For this exercise, an exact copy is needed of only the lines from the one containing "Dieser sehr bequeme" through the end of the data, with pictures left out.

**Data below:**
▽

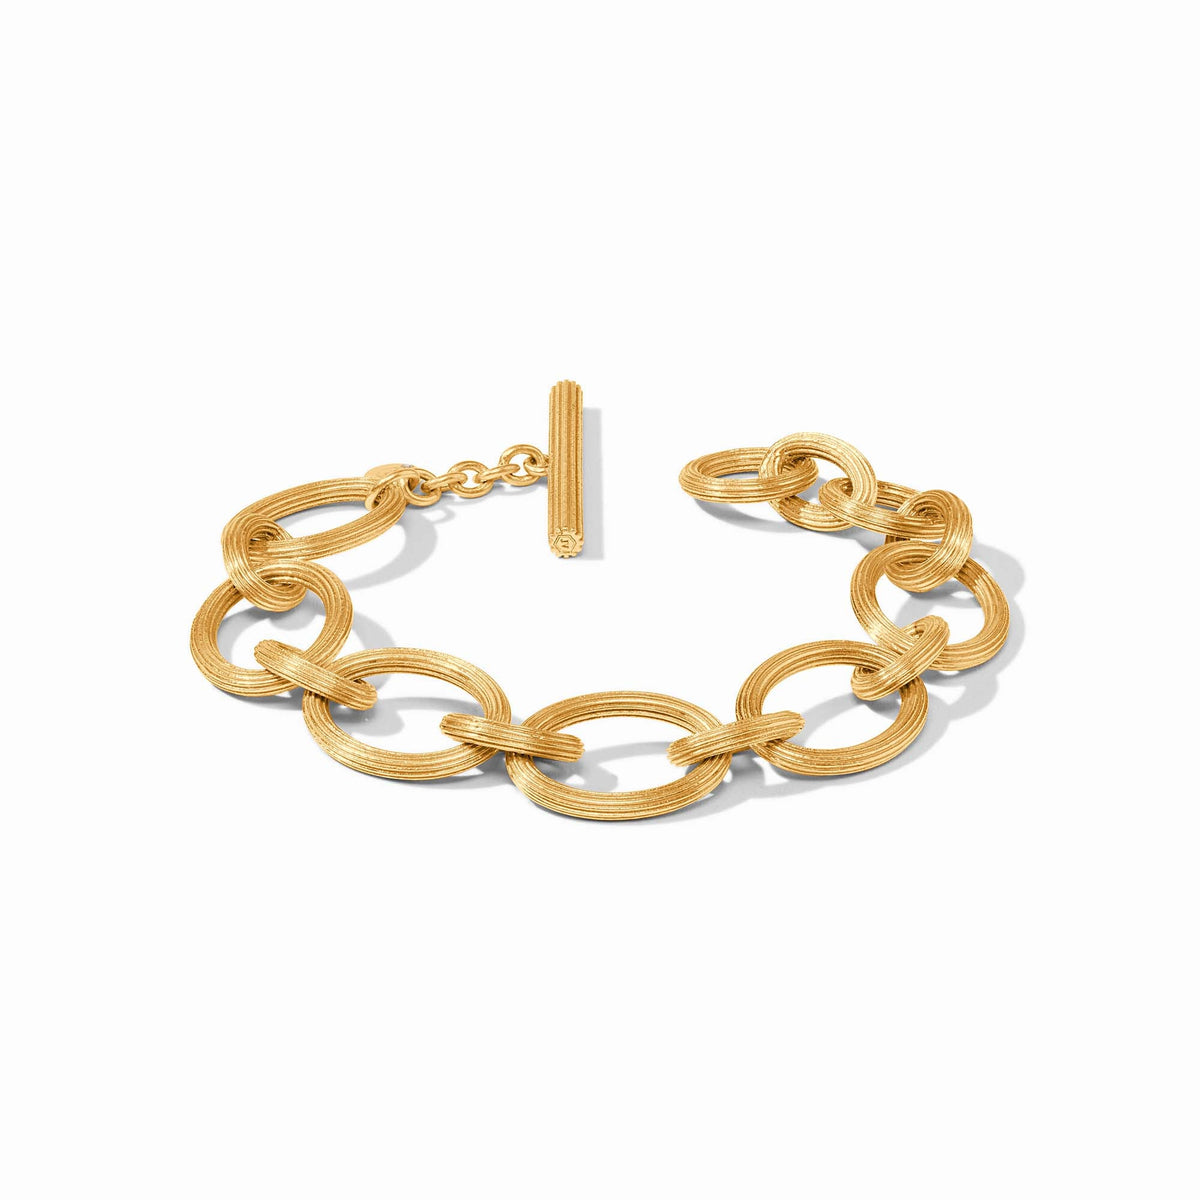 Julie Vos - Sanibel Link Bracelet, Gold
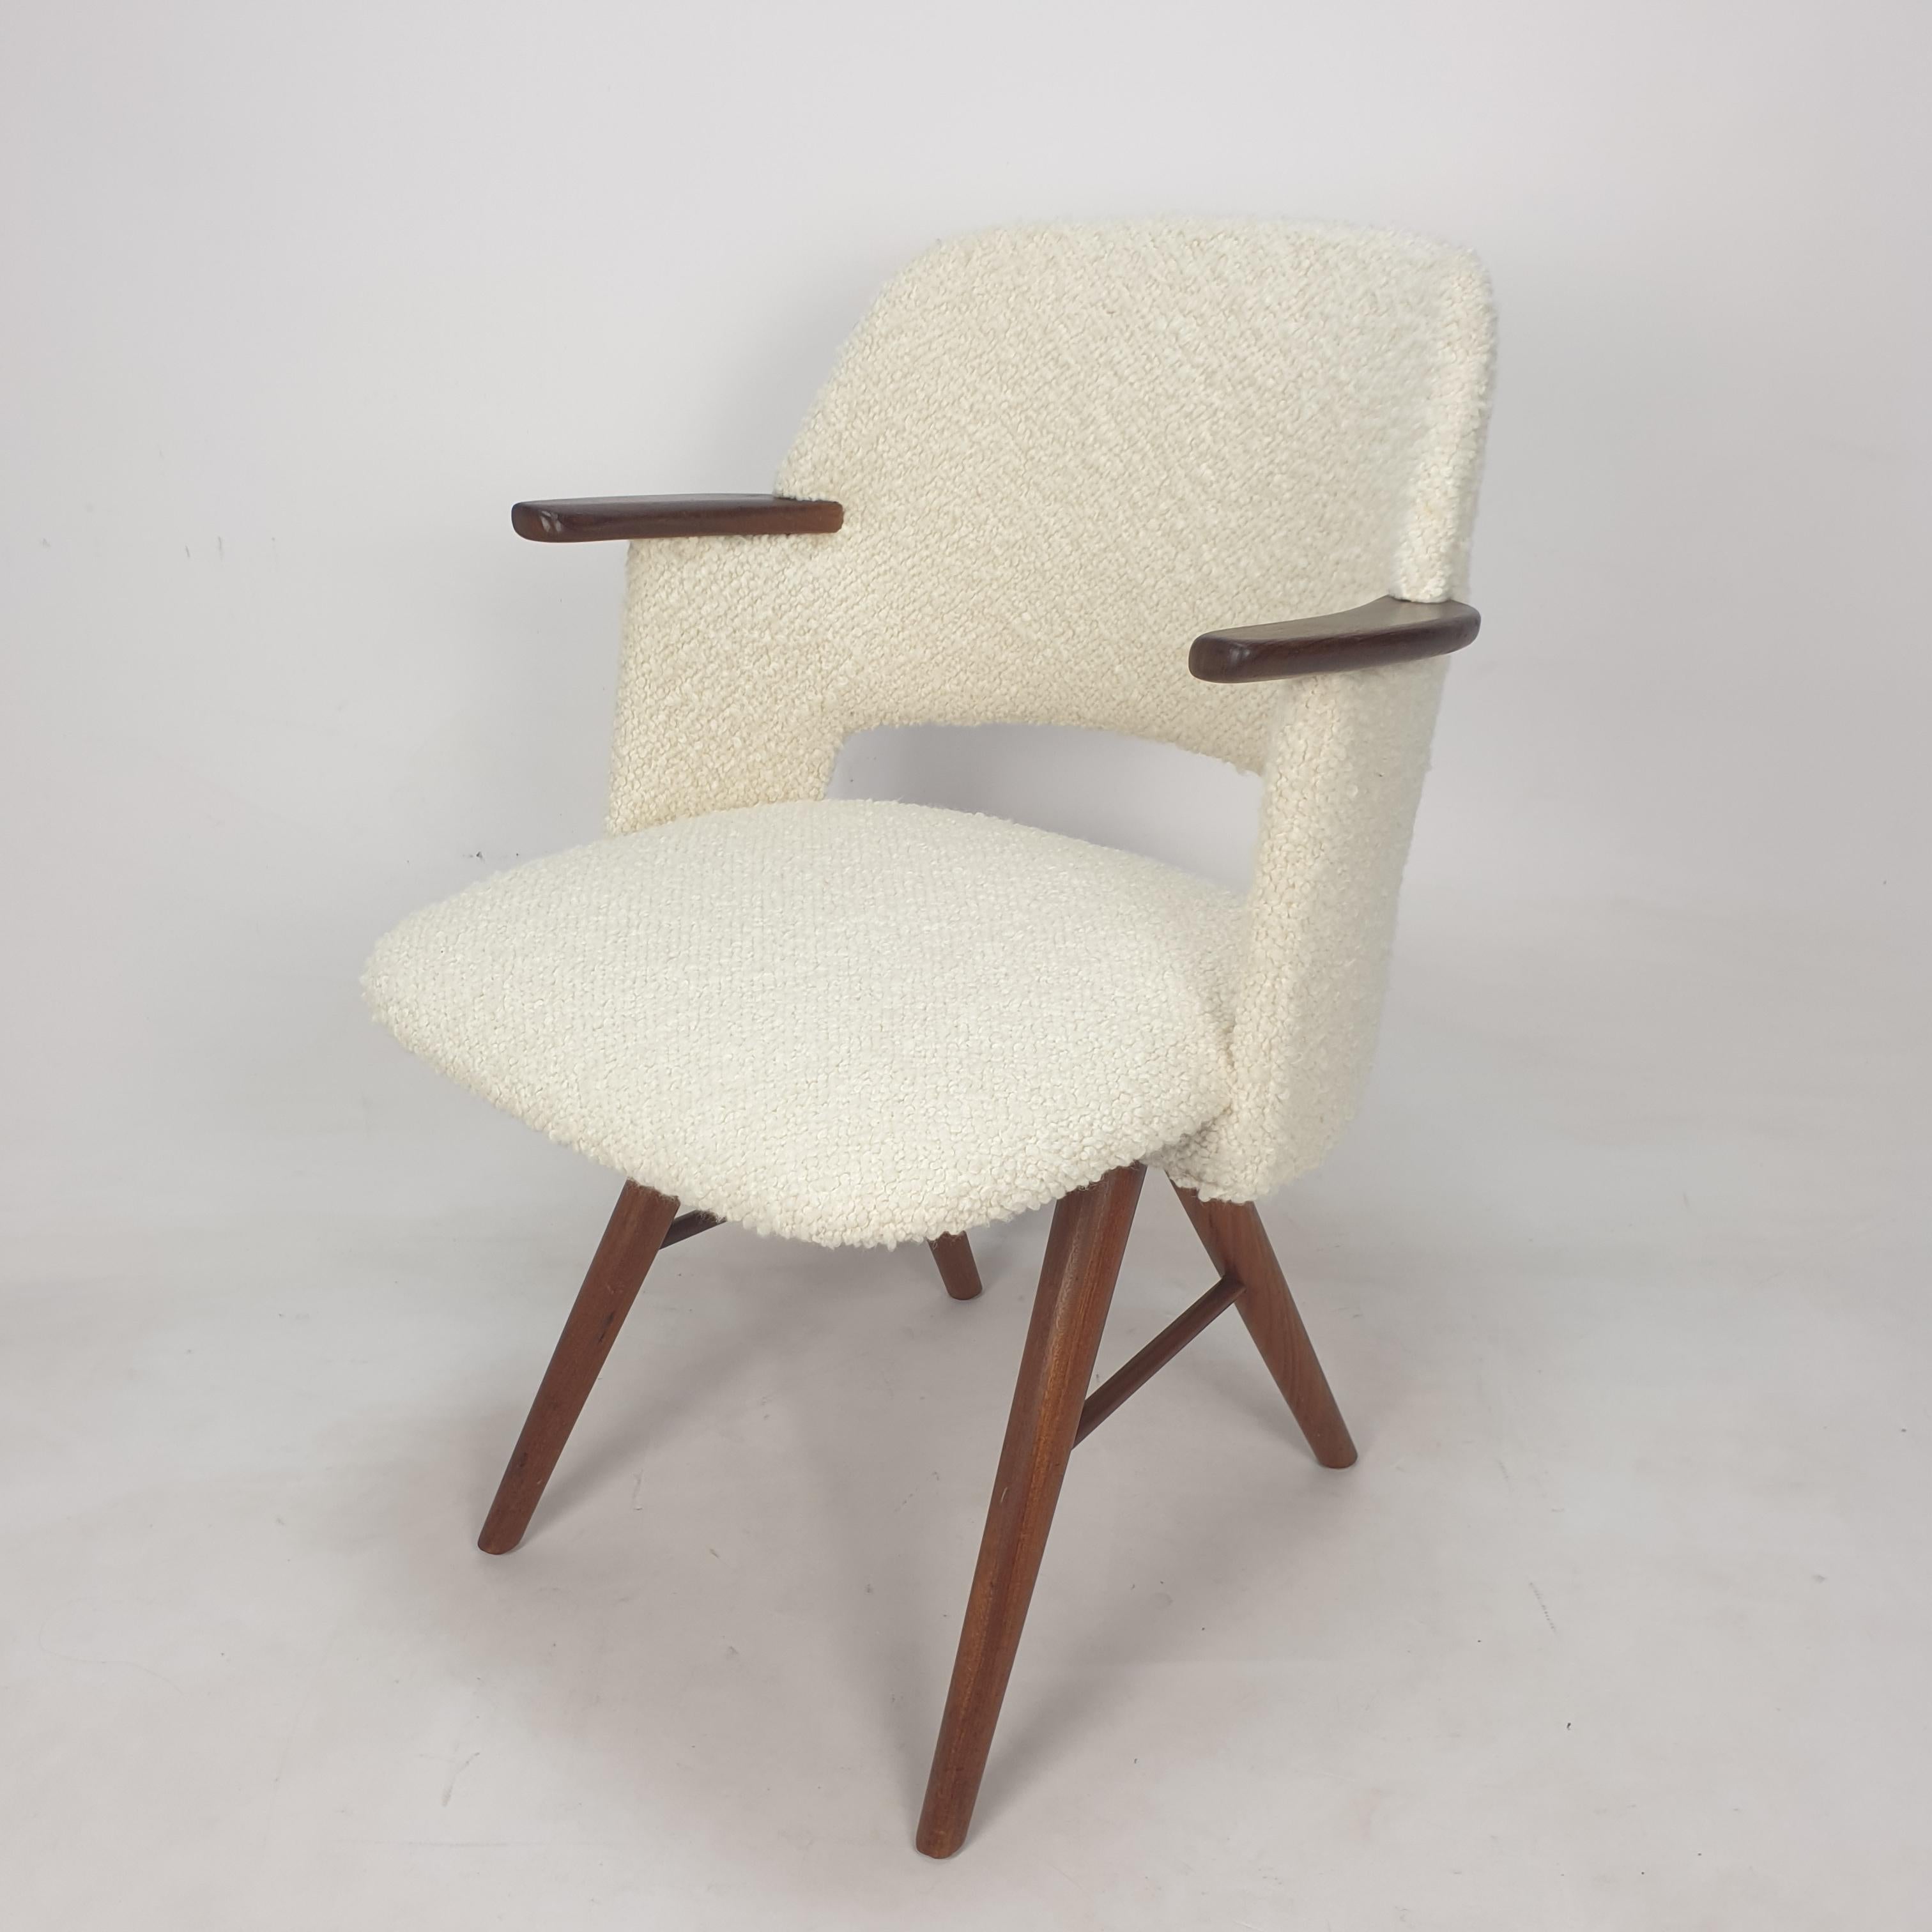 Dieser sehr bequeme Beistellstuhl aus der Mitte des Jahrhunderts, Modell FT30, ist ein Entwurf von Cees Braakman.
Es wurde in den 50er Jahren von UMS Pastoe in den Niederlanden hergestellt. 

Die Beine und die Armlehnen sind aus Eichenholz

△

**Response area:**
 Dieser sehr bequeme Beistellstuhl aus der Mitte des Jahrhunderts, Modell FT30, ist ein Entwurf von Cees Braakman.
Es wurde in den 50er Jahren von UMS Pastoe in den Niederlanden hergestellt. 

Die Beine und die Armlehnen sind aus Eichenholz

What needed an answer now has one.